### ACTIVITY
Repeat each entry exactly, but do not carry over the pictures.

(Collected data)

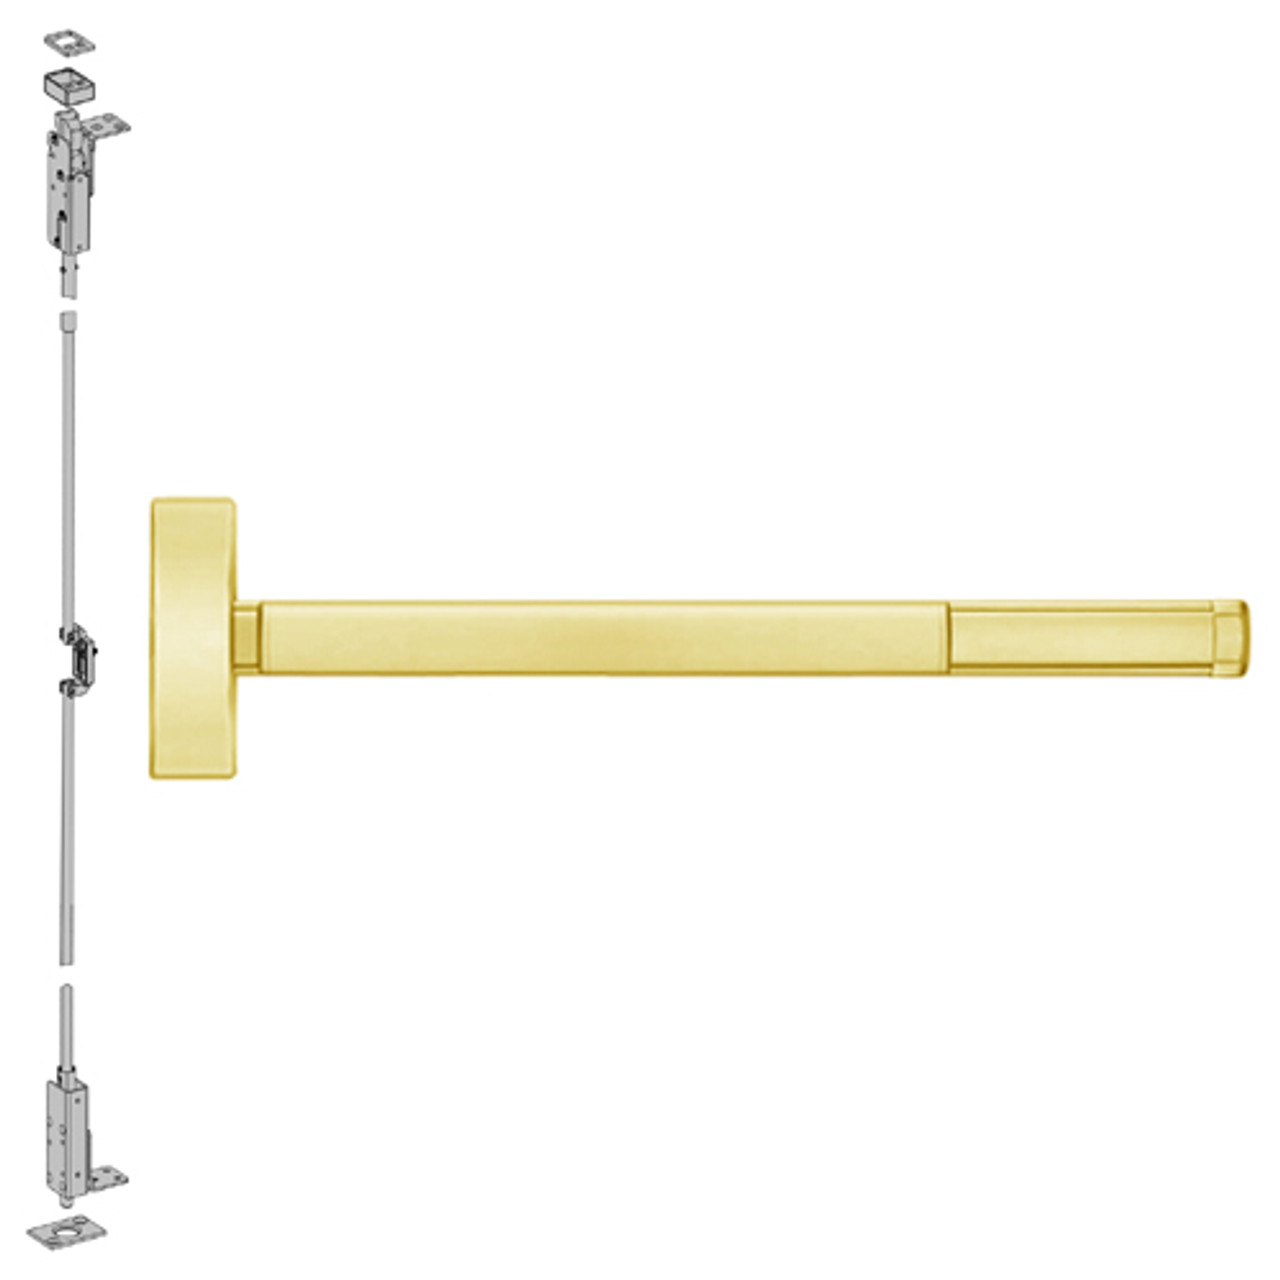 FL2714LBR-605-48 PHI 2700 Series Fire Rated Wood Door Concealed Vertical Exit Device Prepped for Lever-Knob Always Active in Bright Brass Finish
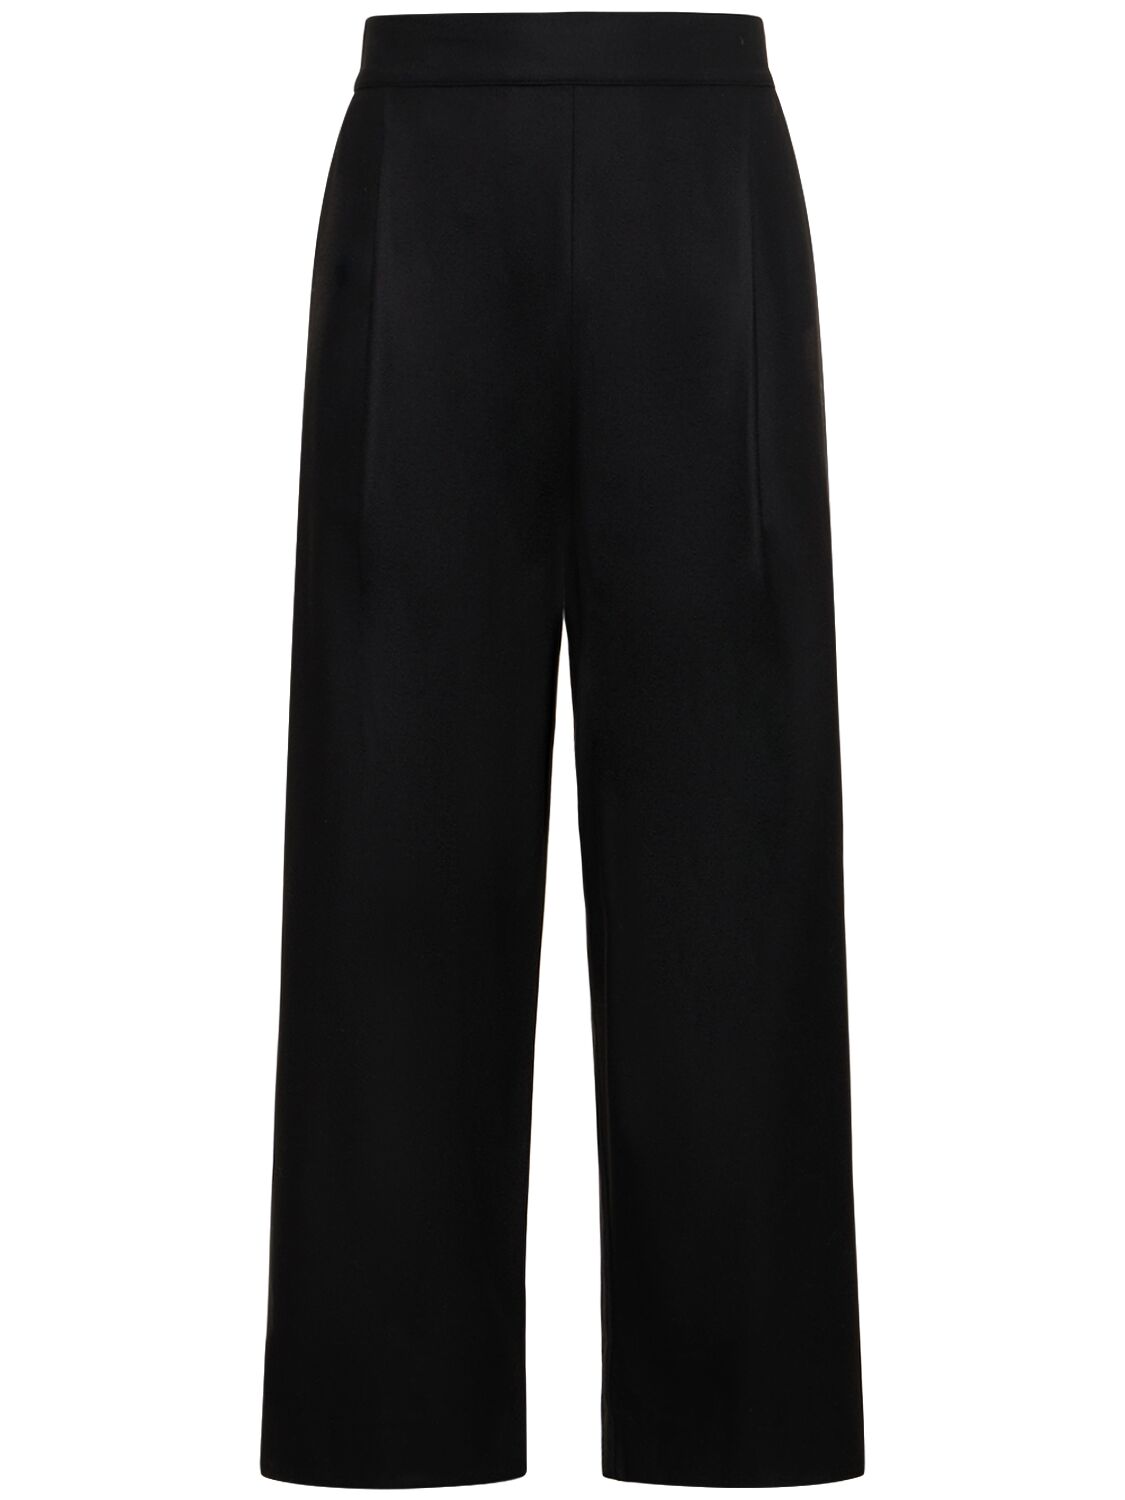 LANEUS BUGGIE UNITO WOOL BLEND trousers
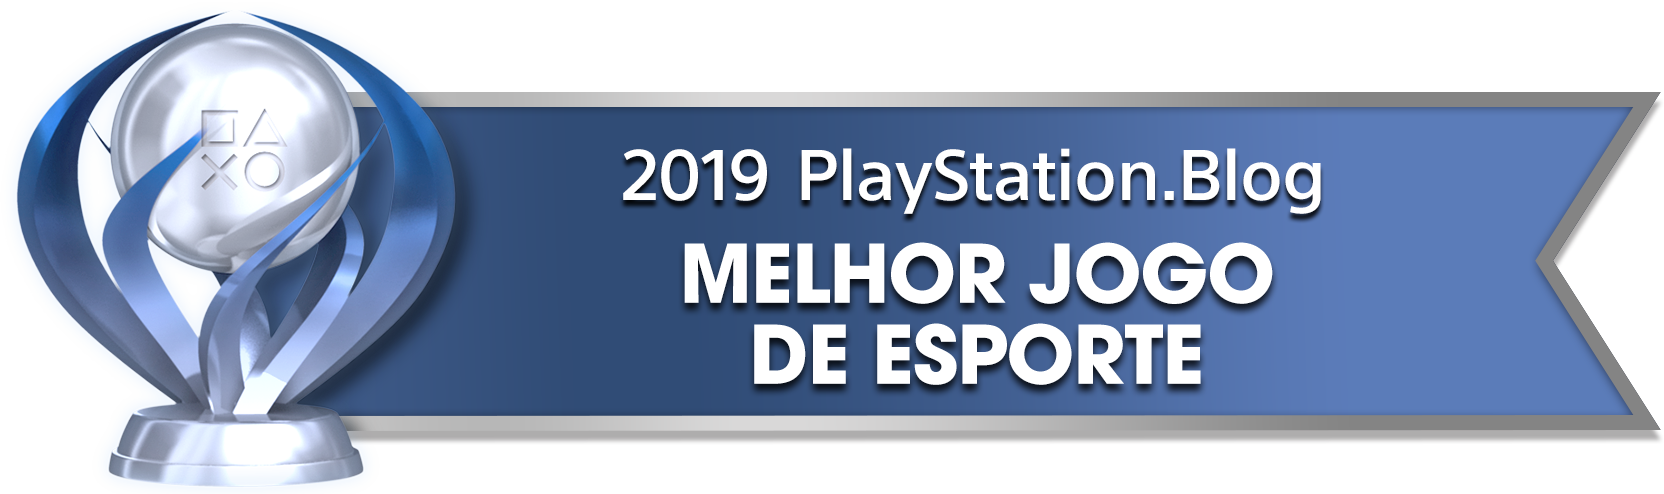 PS Blog Game of the Year 2019 - Best Sports Game - 1 - Platinum
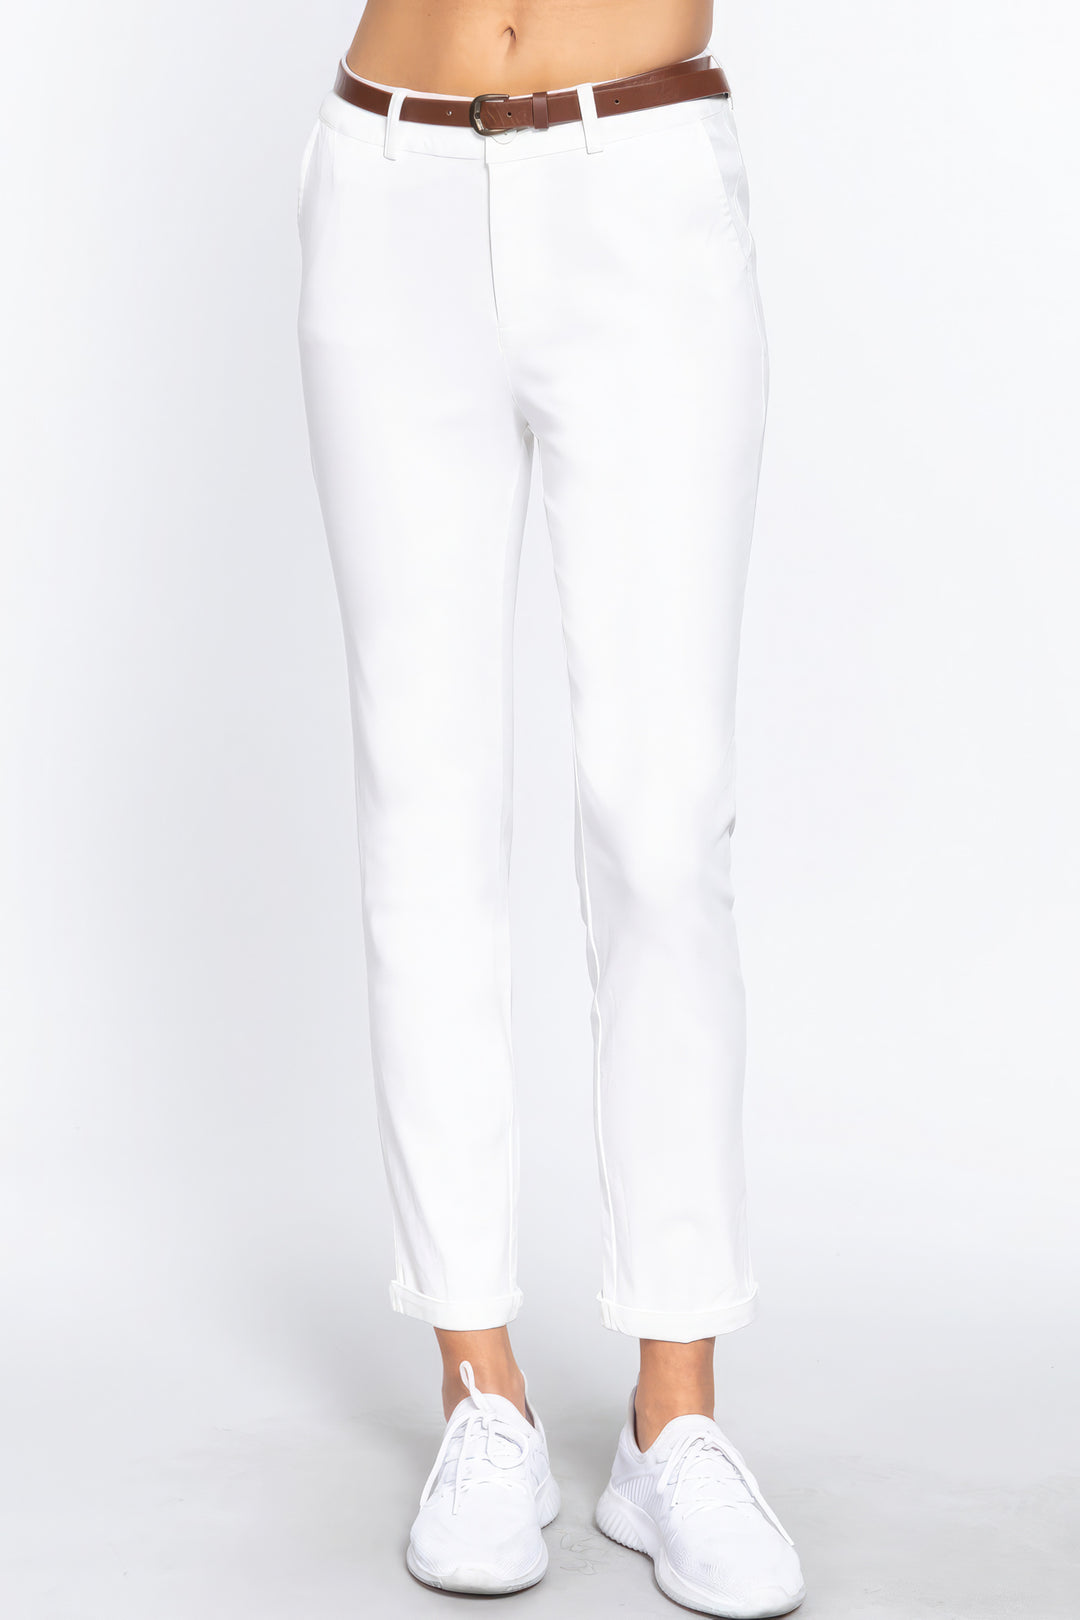 Cotton-span Twill Belted Long Pants with Belt | Comfort Fit, Off White, Sizes S-L
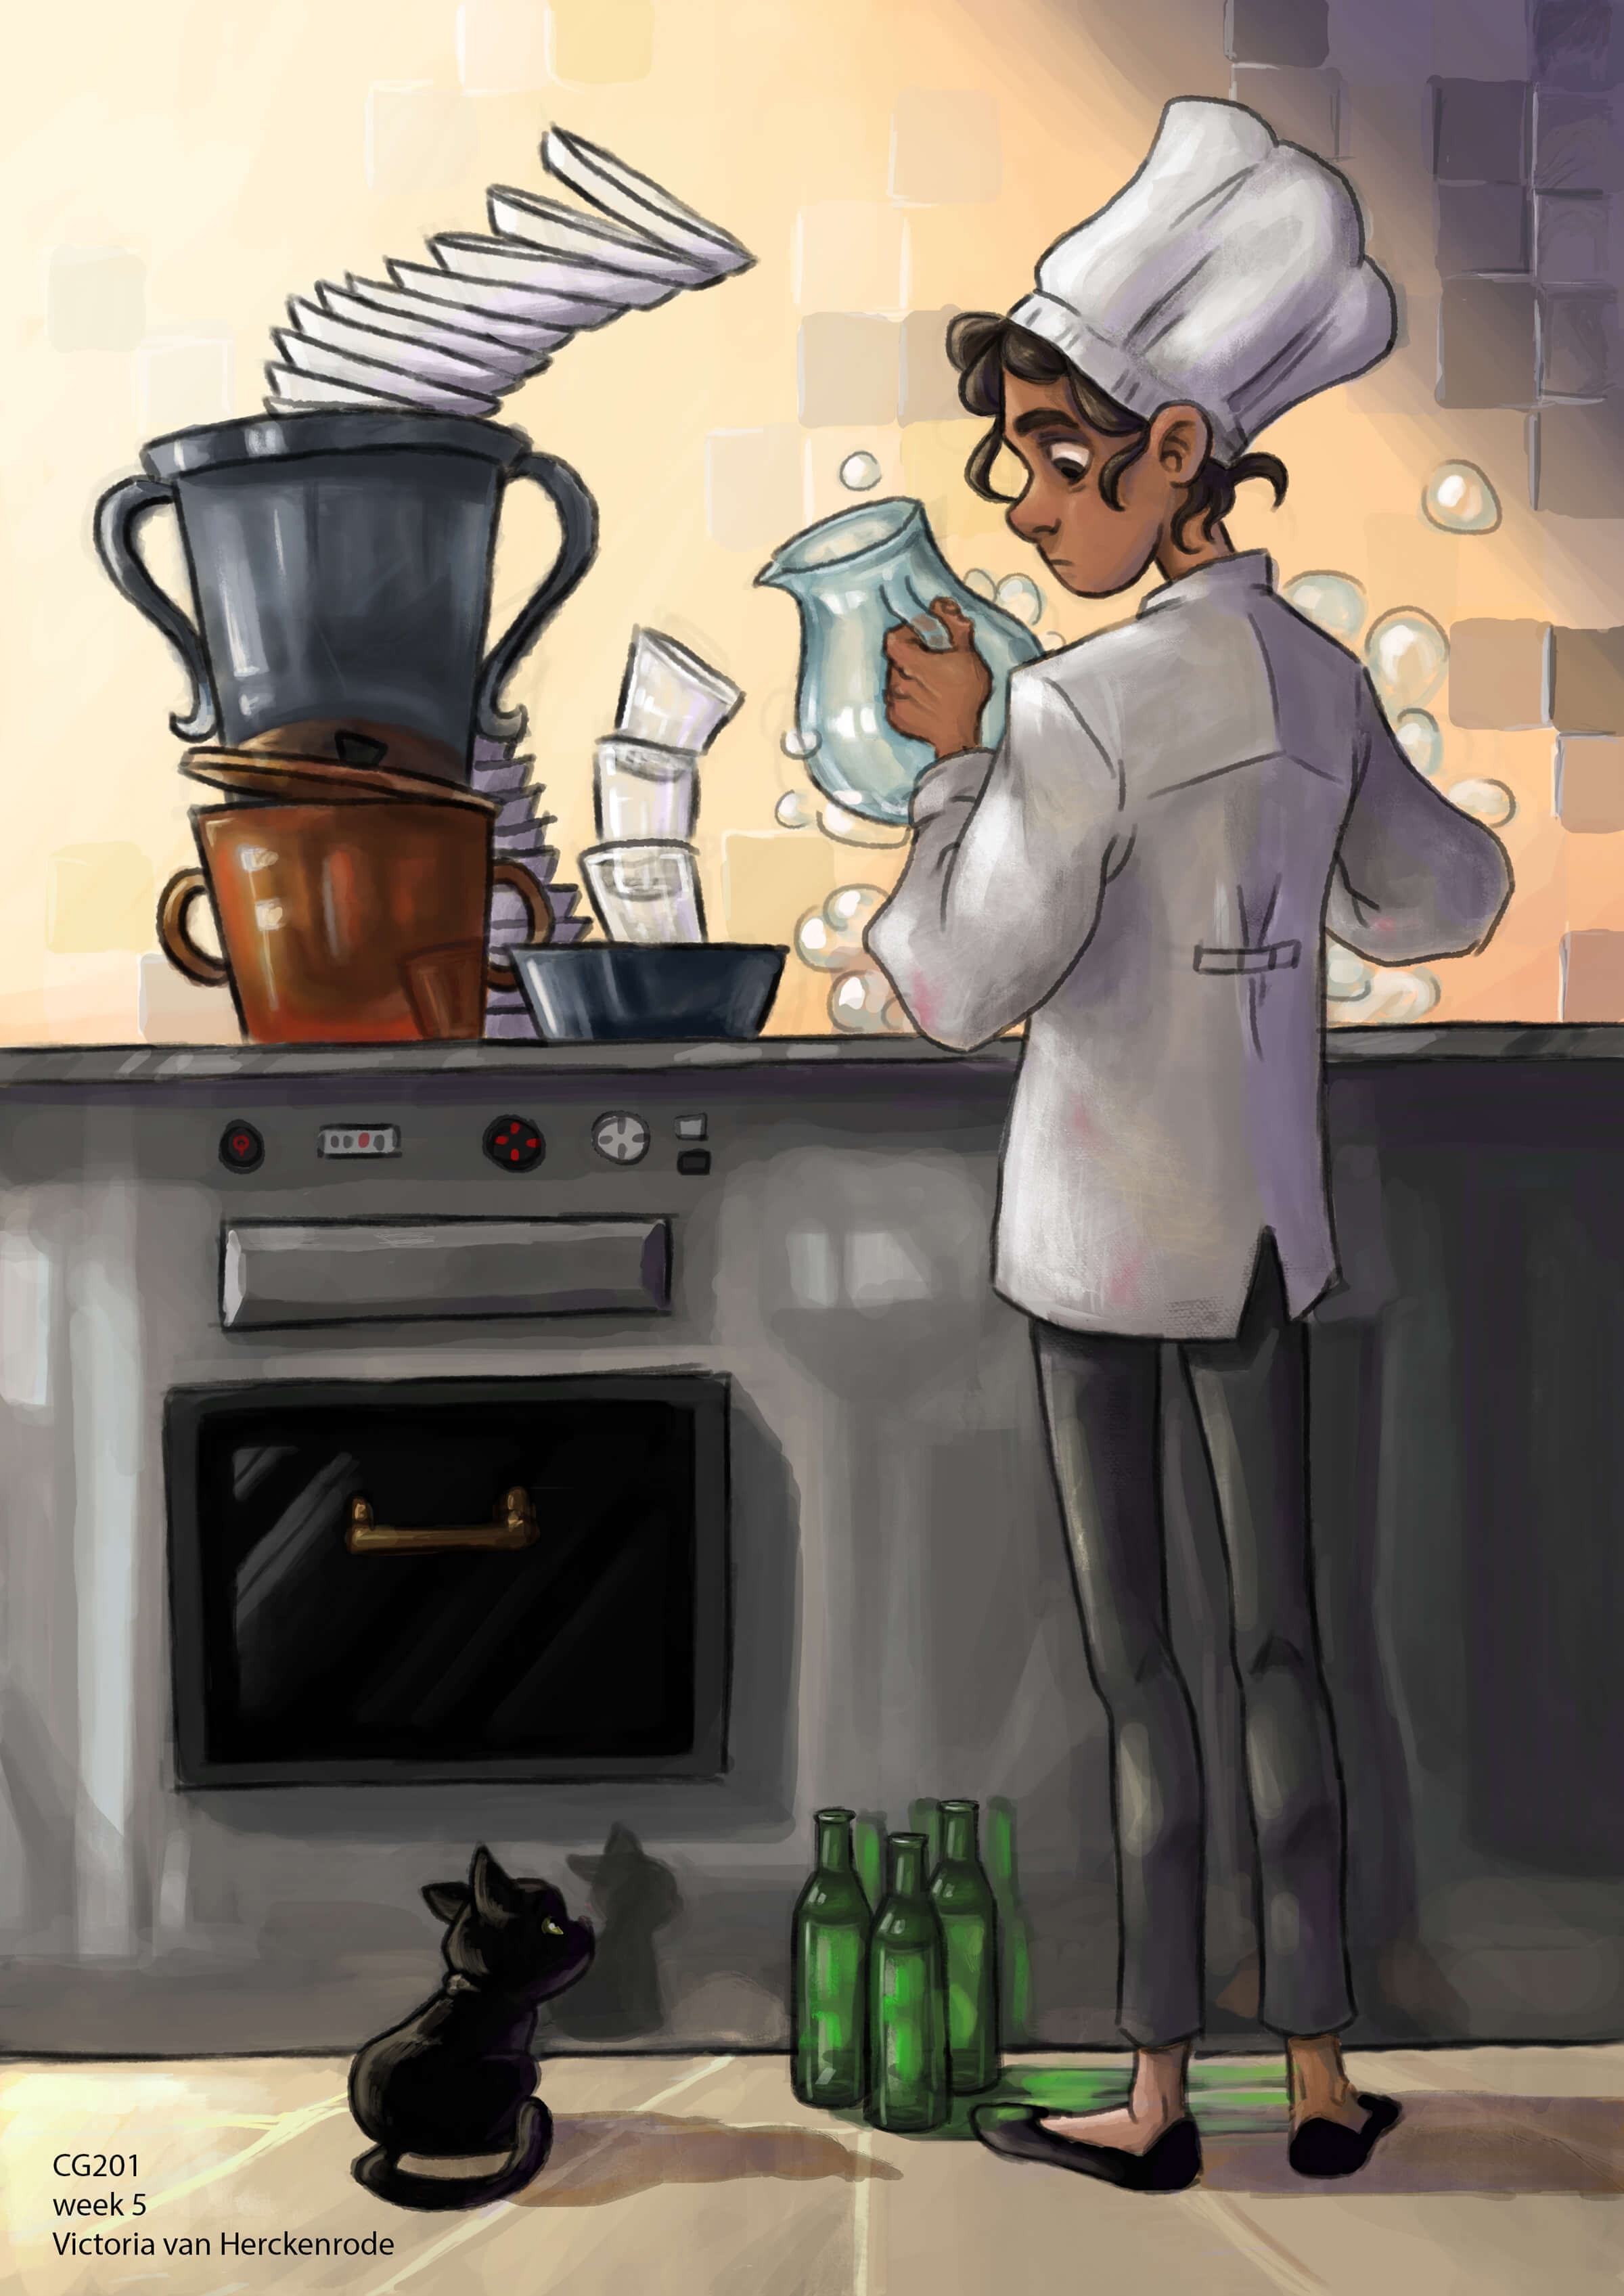 A woman in a chef&#039;s uniform washing dishes next to a tilting stack of plates looks down at a small black kitten.

### ANSWER
 FL2714LBR-605-48 PHI 2700 Series Fire Rated Wood Door Concealed Vertical Exit Device Prepped for Lever-Knob Always Active in Bright Brass Finish
 LANEUS BUGGIE UNITO WOOL BLEND trousers
 PS Blog Game of the Year 2019 - Best Sports Game - 1 - Platinum
 Cotton-span Twill Belted Long Pants with Belt | Comfort Fit, Off White, Sizes S-L
 A woman in a chef&#039;s uniform washing dishes next to a tilting stack of plates looks down at a small black kitten.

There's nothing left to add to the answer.